Minister of Revenue Department of Karnataka
- In office 7 June 2008 – 4 August 2011

Member of Karnataka Legislative Assembly
- In office 2018–2023
- Preceded by: M.P. Ravindra
- Succeeded by: Latha Mallikarjun
- Constituency: Harapanahalli
- In office 2008–2013
- Preceded by: P. T. Parameshwar Naik
- Succeeded by: M.P. Ravindra
- Constituency: Harapanahalli

Member of Parliament Lok Sabha
- In office 2004–2008
- Preceded by: Kolur Basavanagoud
- Succeeded by: J. Shantha
- Constituency: Bellary

Personal details
- Born: 10 April 1962 (age 64) Bellary, Karnataka, India
- Citizenship: India
- Party: Bharatiya Janata Party
- Spouse: G. Vanaja
- Parent(s): G. Chenga Reddy and G. Rukmanamma
- Alma mater: Veerashaiva College
- Occupation: Social Worker, Businessperson

= G. Karunakara Reddy =

Indian politician (born 1962)

G. Karunakara Reddy (born 10 April 1962) is an Indian politician from the state of Karnataka, who is the member of the Karnataka Legislative Assembly from Harapanahalli assembly constituency.
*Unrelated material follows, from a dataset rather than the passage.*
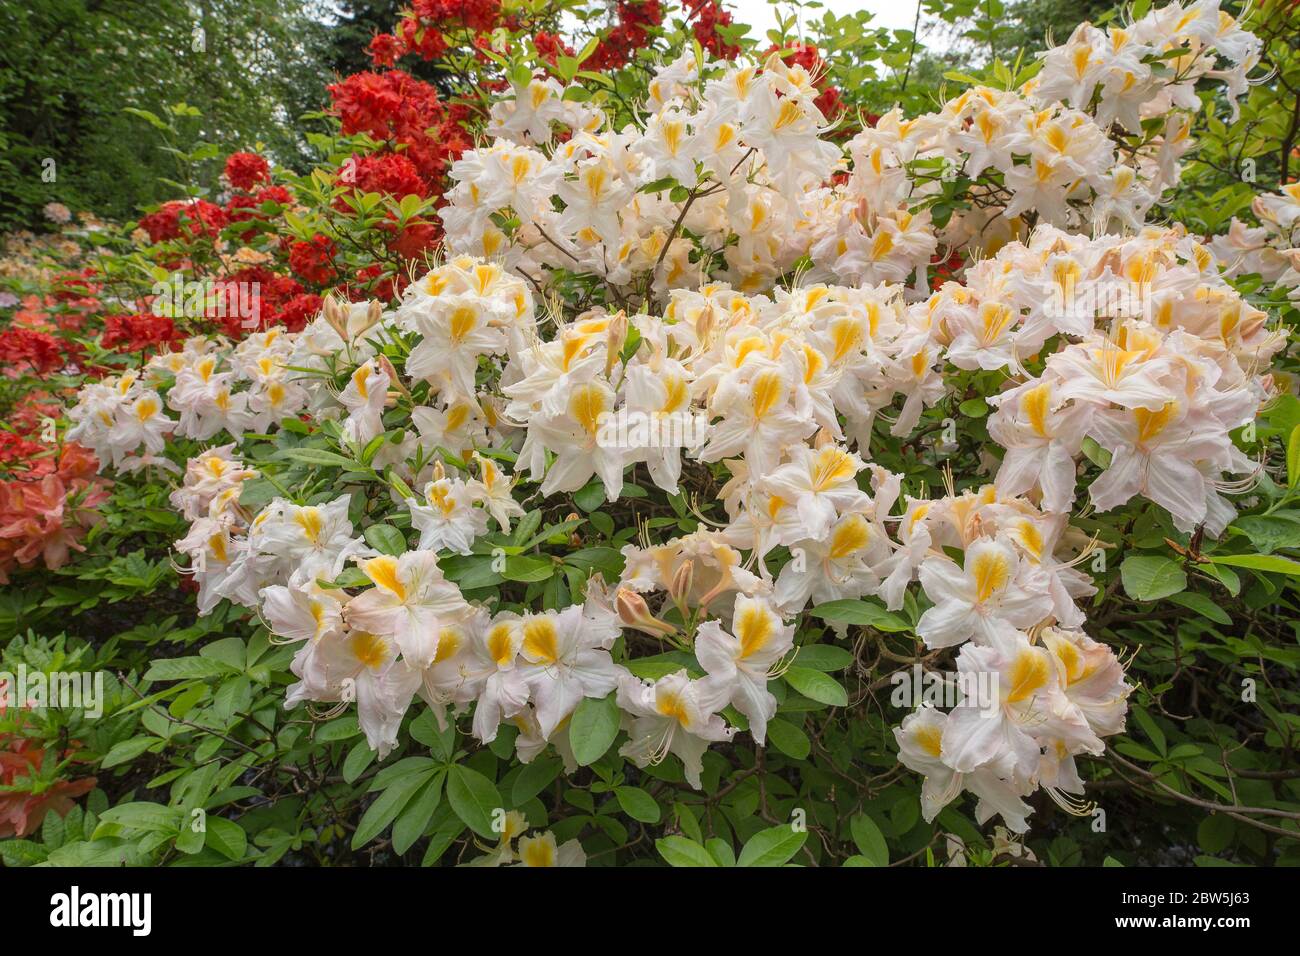 Blooming white and yellow rhododendron in VanDusen Botanical Garden, Vancouver, British Columbia, Canada. Stock Photo

He was made Revenue Minister in B.S Yeddyurappa Cabinet. He was previously a member of the 14th Lok Sabha from the Bellary constituency as a member of the Bharatiya Janata Party.

==Karnataka Politics==
In the 2008 assembly elections, he contested against Congress leader and former deputy chief minister of Karnataka M.P. Prakash from Harpanahalli constituency in Davanagere District and won by a margin of over 25218 votes. He and his younger brother G. Janardhana Reddy, a MLC from Bellary, were subsequently made ministers in the BJP government led by B. S. Yeddyurappa, when the latter needed the support of a section of MLAs loyal to the Reddy brothers.

After D. V. Sadananda Gowda of the BJP took over as CM from Yeddyurappa following the Lokayukta report on illegal mining in 2011, subsequently, Yeddyurappa broke away from the BJP to form the Karnataka Janata Paksha (KJP) and later rejoined BJP in 2014.